I'm not so sure that even Google respects it. I did some digging about the semantics about robots.txt whilst writing a bot myself, and it seems that Google doesn't follow links that are excluded, but it will visit those pages. Maybe that counts as "paying attention", but I don't think they "respect" it.
Forgotten by whom? Who judges what is "forgotten" and when? How is it enforced?
The specifics here matter a great deal, the versions so far are regularly abused by the wealthy and don't apply to any of the data warehouses that the powerful and well connected have access to.
Where did this "right" come from? What's the legal and ethical basis for it? It is analogous to censorship or book burning at the basic level, destroying information to hide it from the public. It requires a consistent and strong justification as well as justified limited scope because of that, and it better be obviously beneficial to society even accounting for the inevitable misuse by those in power.
In my (current) opinion, it's this law that should be forgotten. What's on the public Internet is a matter of public interest. All I can see is this law being used by bad people to hide their bad deeds, especially when those bad deeds should be known.
Yeah just ignore robots.txt because there's others solution.
If the site don't want to be scanned they can adopt a lot of counter measure and robots.txt will not save it from abuse.

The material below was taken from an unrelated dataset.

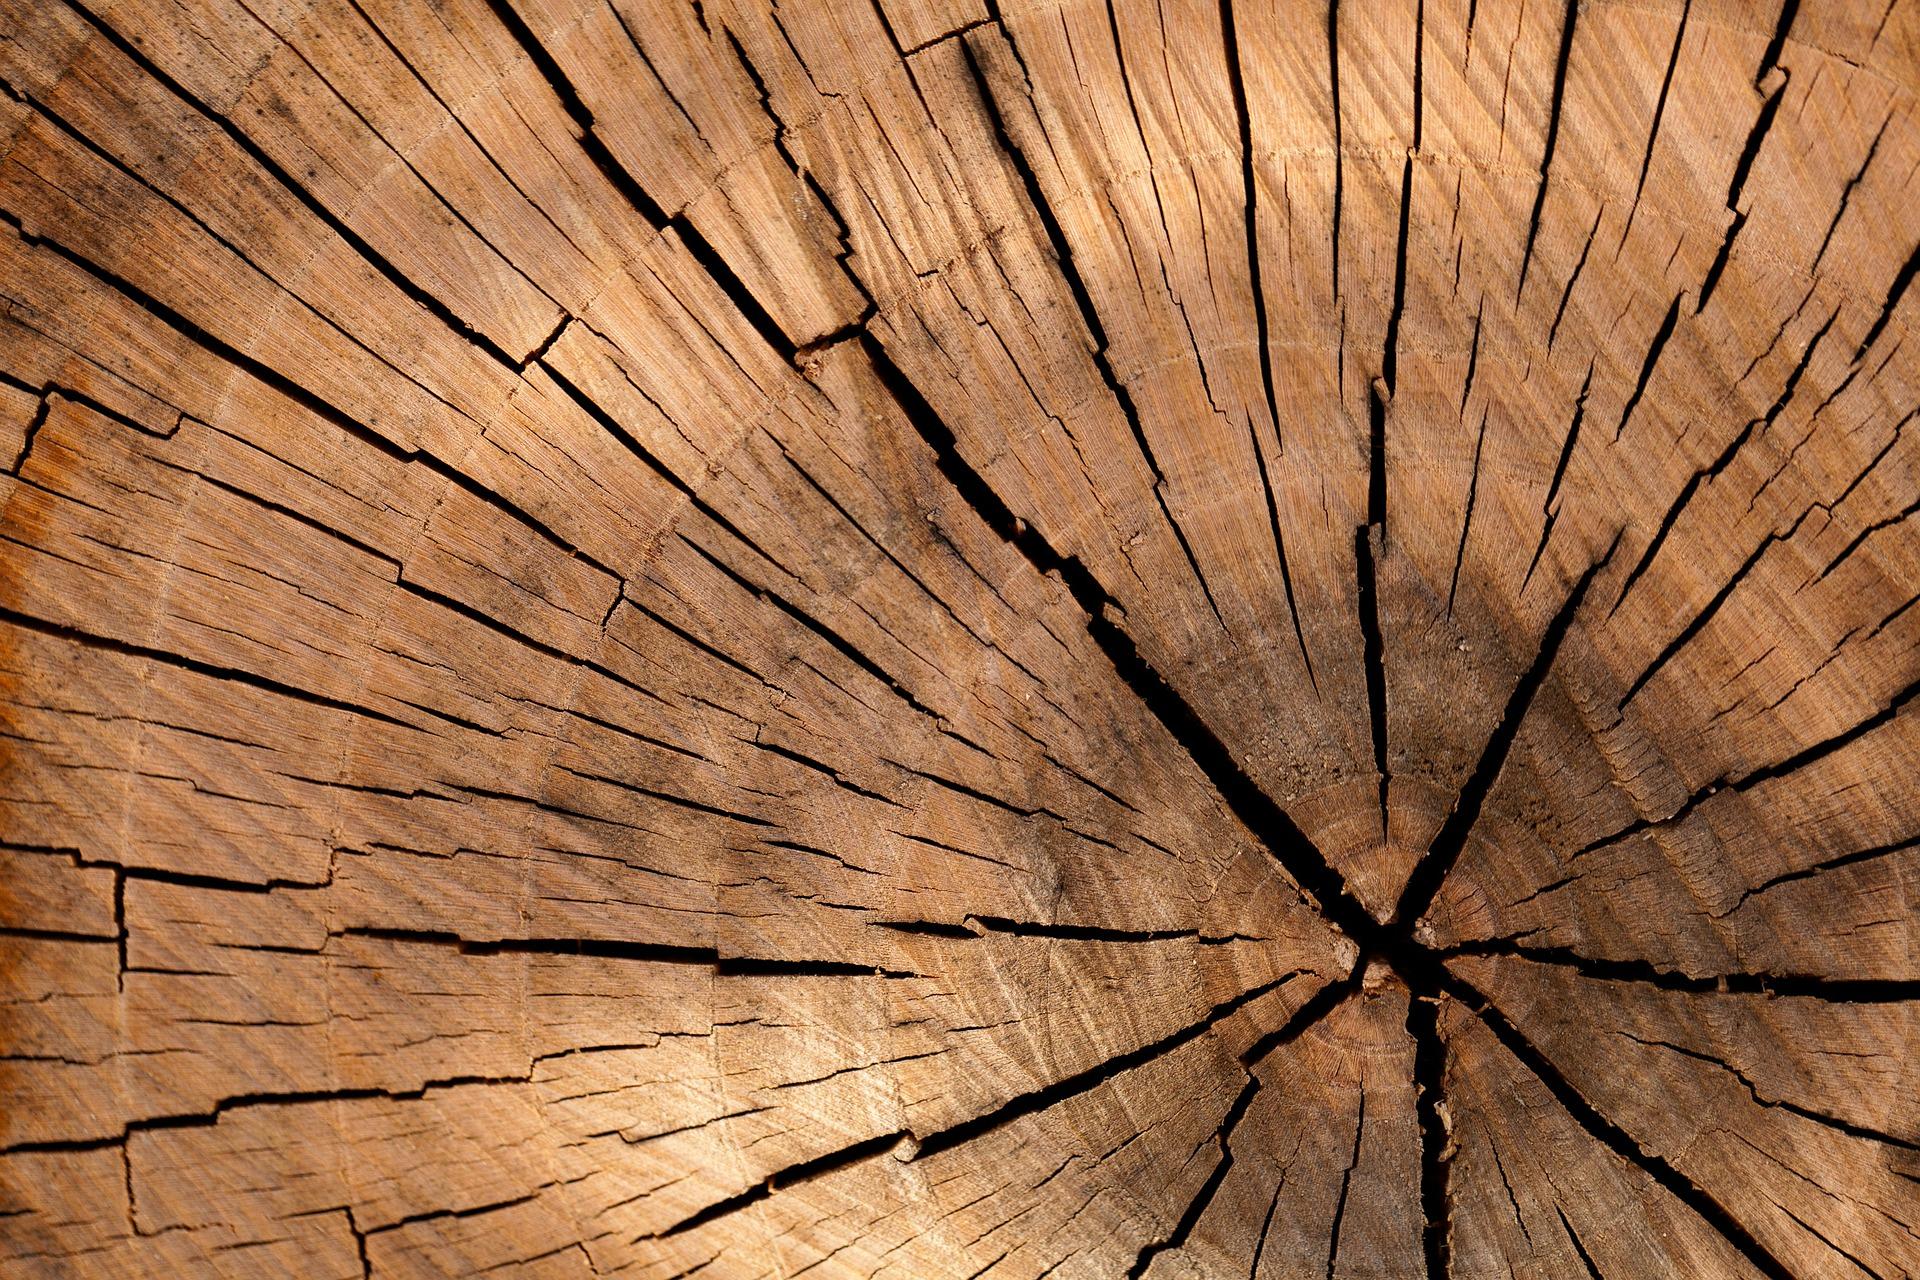 Tronc d'arbre en coupe

He remind me the old days when my website wasn't working from US because I just fake that the site was down because there's no reason that somebody goes to my site from US (I know it's kind stupid, but when all your content is in french and you are a kid... :) )
Found this[1] via the Wikipedia's Talk page for the robots.txt article. It showcases that early on robots.txt was designated to help maintain bandwidth performance of web servers. Back then it would have been due to bandwidth contention, today it may be bandwidth cost to some operators which robots.txt help mitigate.
I have some sites where I specifically block archiving from some sections for good reason. (Even if I didn't have a good reason though it would still be my choice.)
I have a very big problem with them disregarding robots directives. Sure some crawlers ignore them: Hostile net actors up to no good. This decision means they are a hostile net actor. I'll have to take extreme measures such as determining all the ip address ranges they use and totally blocking access. This inconveniences me, which means they are now my enemy.
edit- For those interested: Deny from 207.241.224.0/22
Are you under the impression that individual web archivists don't also scrape websites of interest, and submit those WARC's for inclusion into the Wayback Machine, independent of the IA's crawlers?
Because believe me, we do...good luck banning every AWS and DO IP range.
I actually didn't know that. Do you operate the same crawlers?
I have considered putting a single file that is only accessible via no-follow links and perma-ban any ip that access the file, as a way to punish bad robots.
I have easier solution for you: just shut down your site and be done with it. This way no malicious actor will be able to save your precious information.